▶ **INFORMATION SUPPLIED**:

= = = =

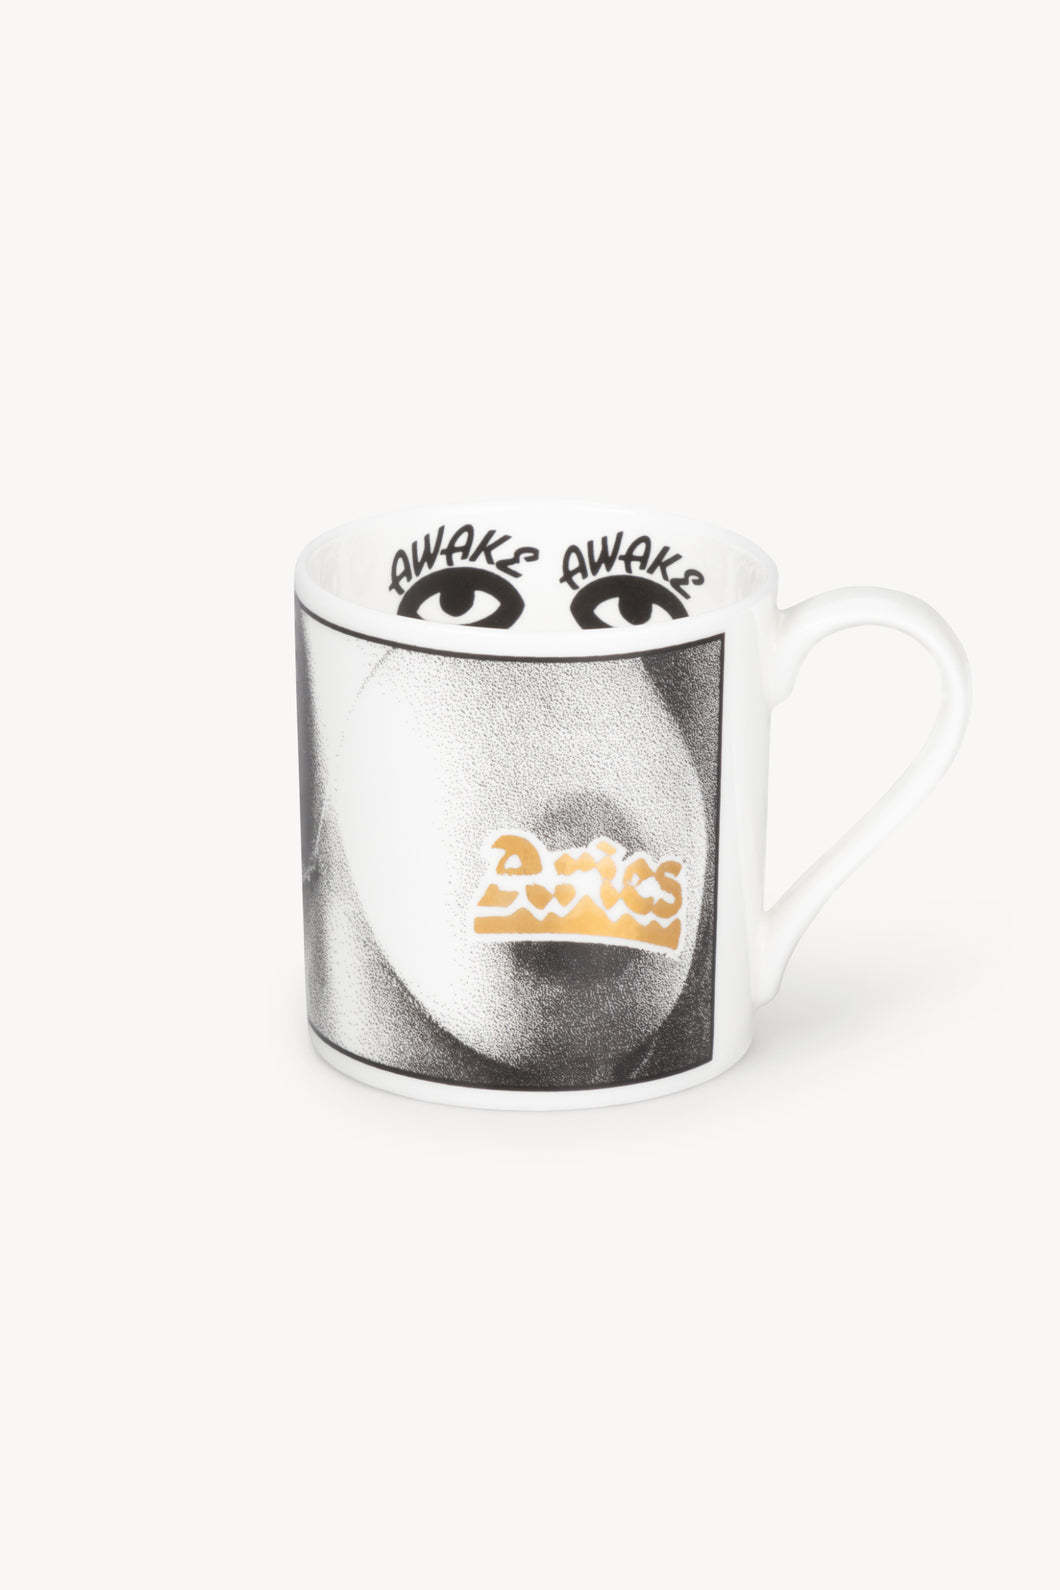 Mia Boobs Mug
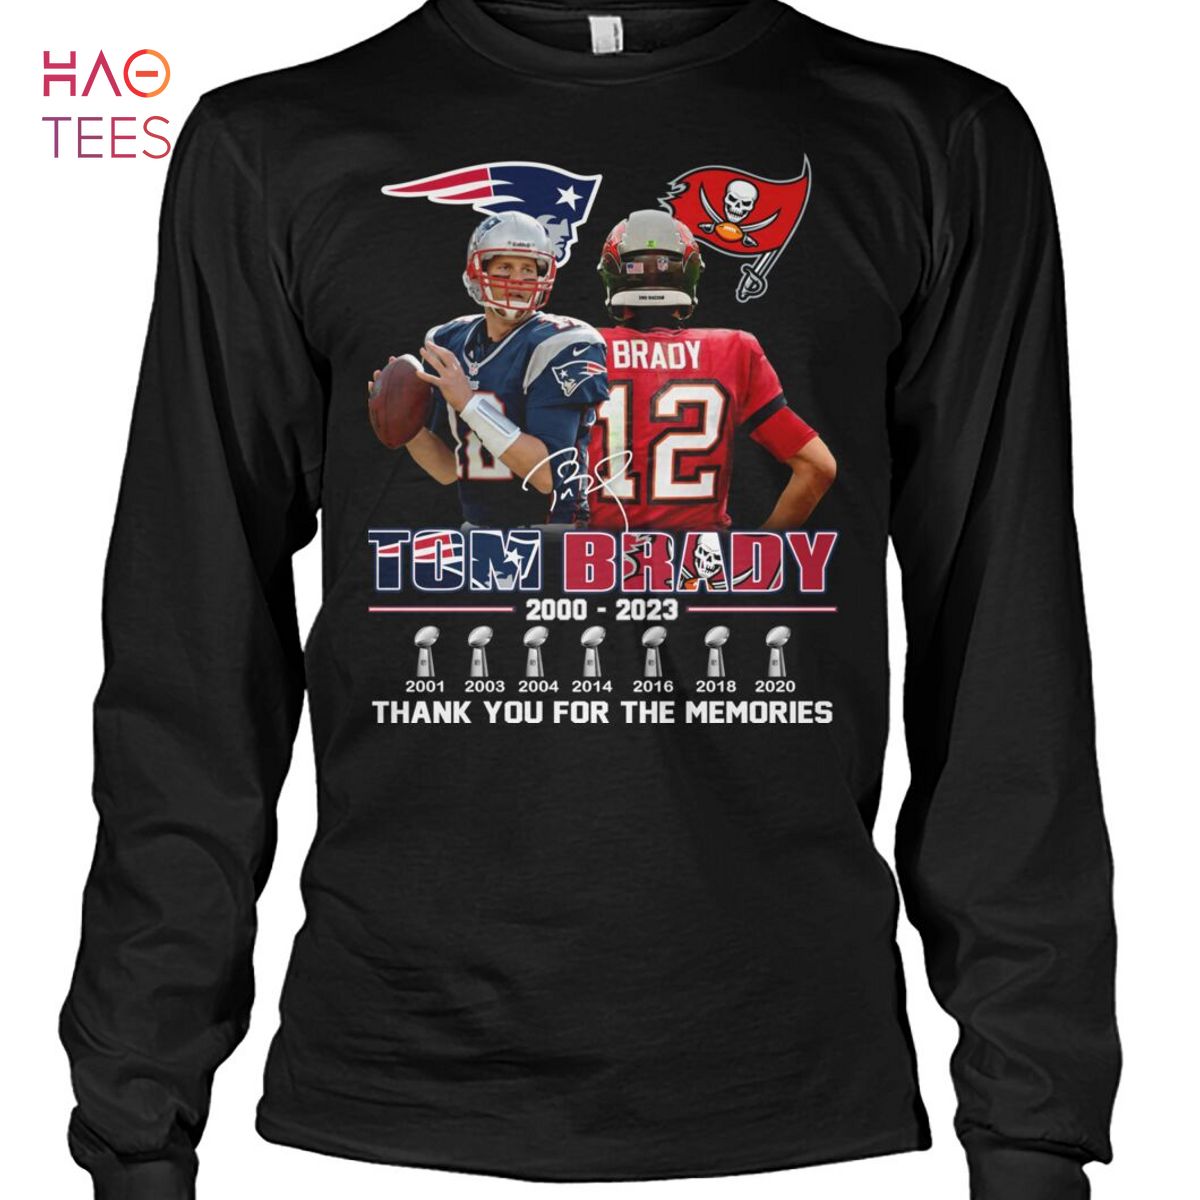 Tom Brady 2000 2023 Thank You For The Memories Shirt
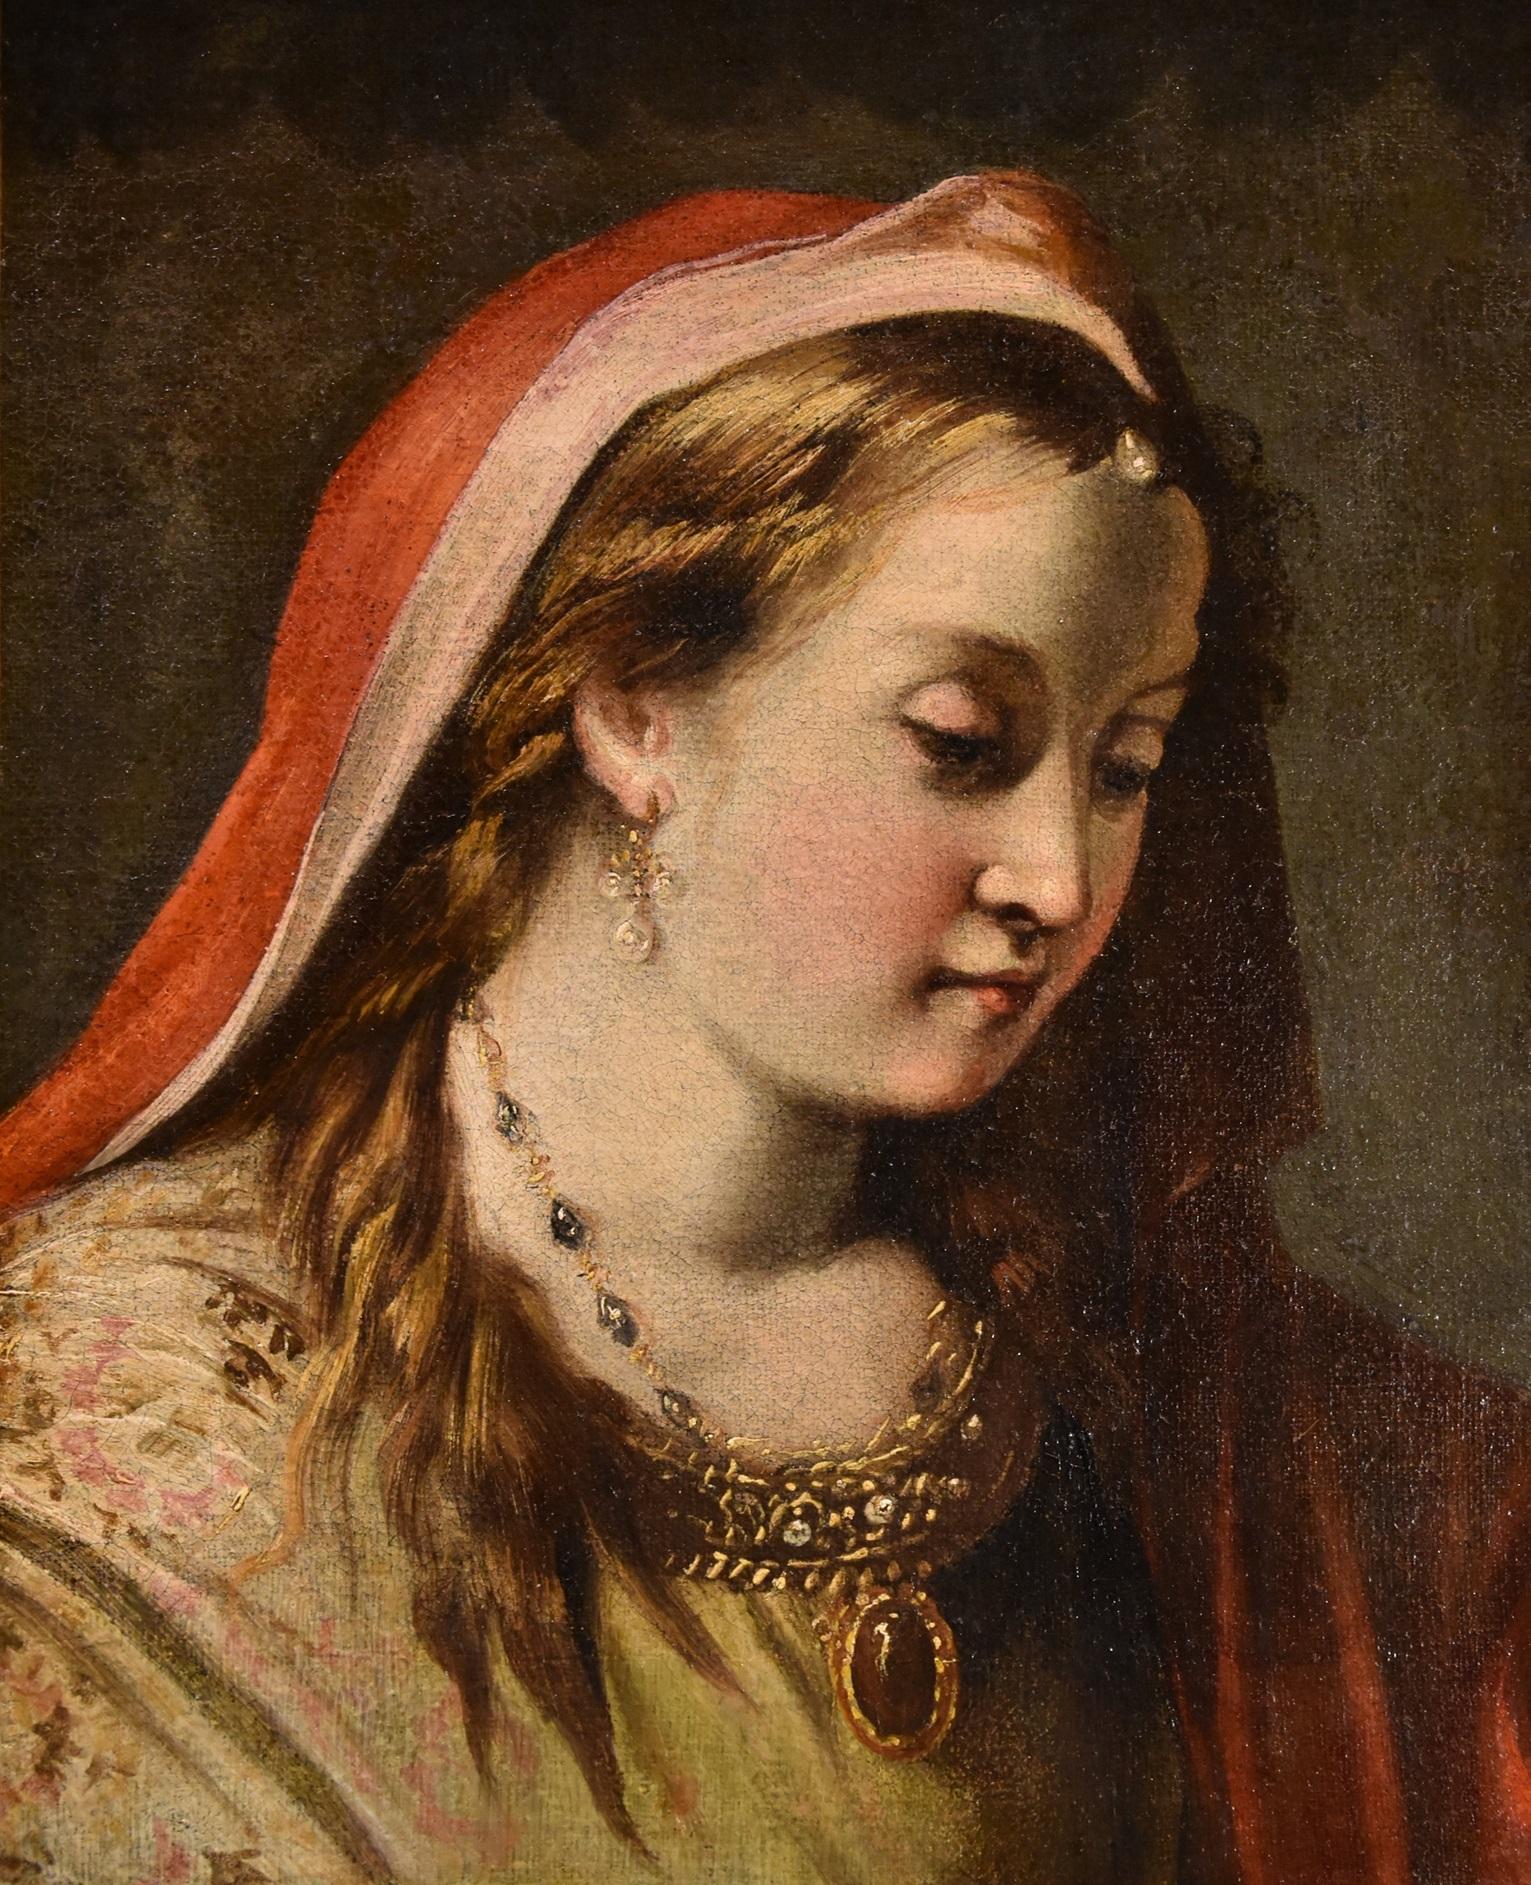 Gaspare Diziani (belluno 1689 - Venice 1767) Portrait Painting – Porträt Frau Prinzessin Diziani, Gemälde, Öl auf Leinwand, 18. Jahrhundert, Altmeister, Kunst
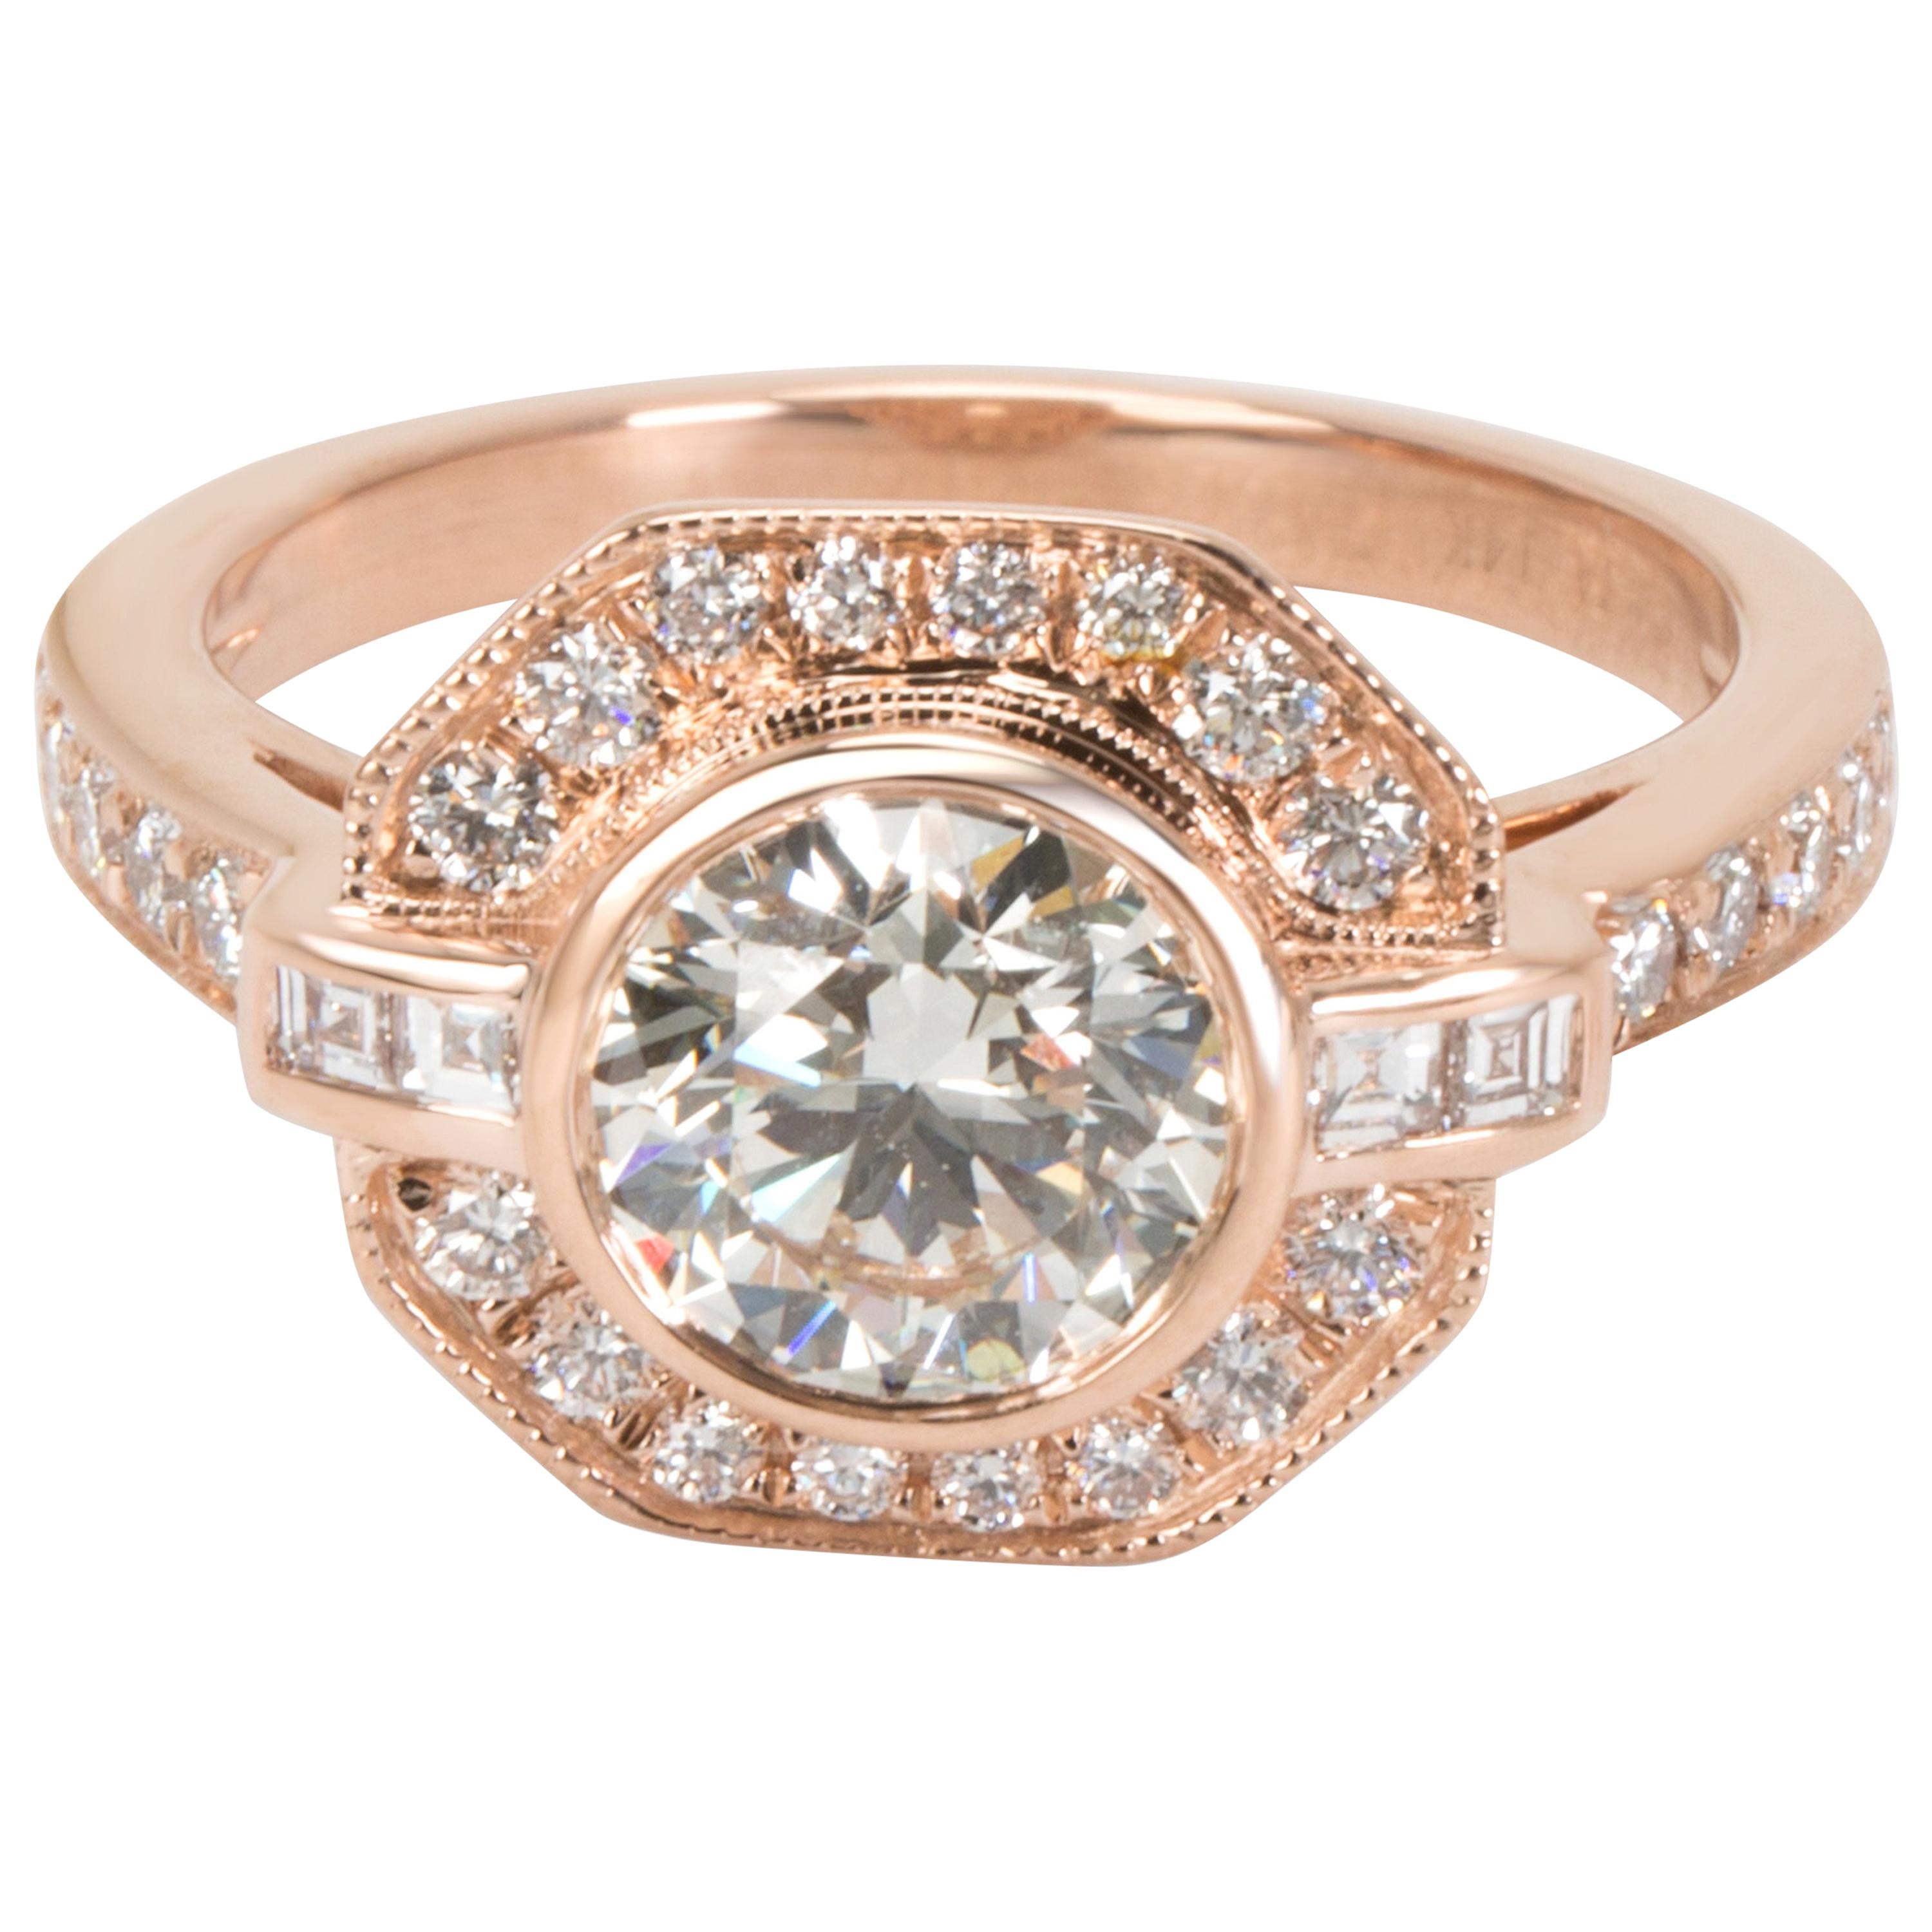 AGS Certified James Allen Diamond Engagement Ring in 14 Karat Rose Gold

= = = =

▶ **TASK STATEMENT**: Your copy should hold exactly the lines from the line containing "Gaspare Diziani (belluno 1689" through the last line of the listing above, both included, and no pictures.

▶ **SOLUTION TO THE PROBLEM**:
 Gaspare Diziani (belluno 1689 - Venice 1767) Portrait Painting – Porträt Frau Prinzessin Diziani, Gemälde, Öl auf Leinwand, 18. Jahrhundert, Altmeister, Kunst
 AGS Certified James Allen Diamond Engagement Ring in 14 Karat Rose Gold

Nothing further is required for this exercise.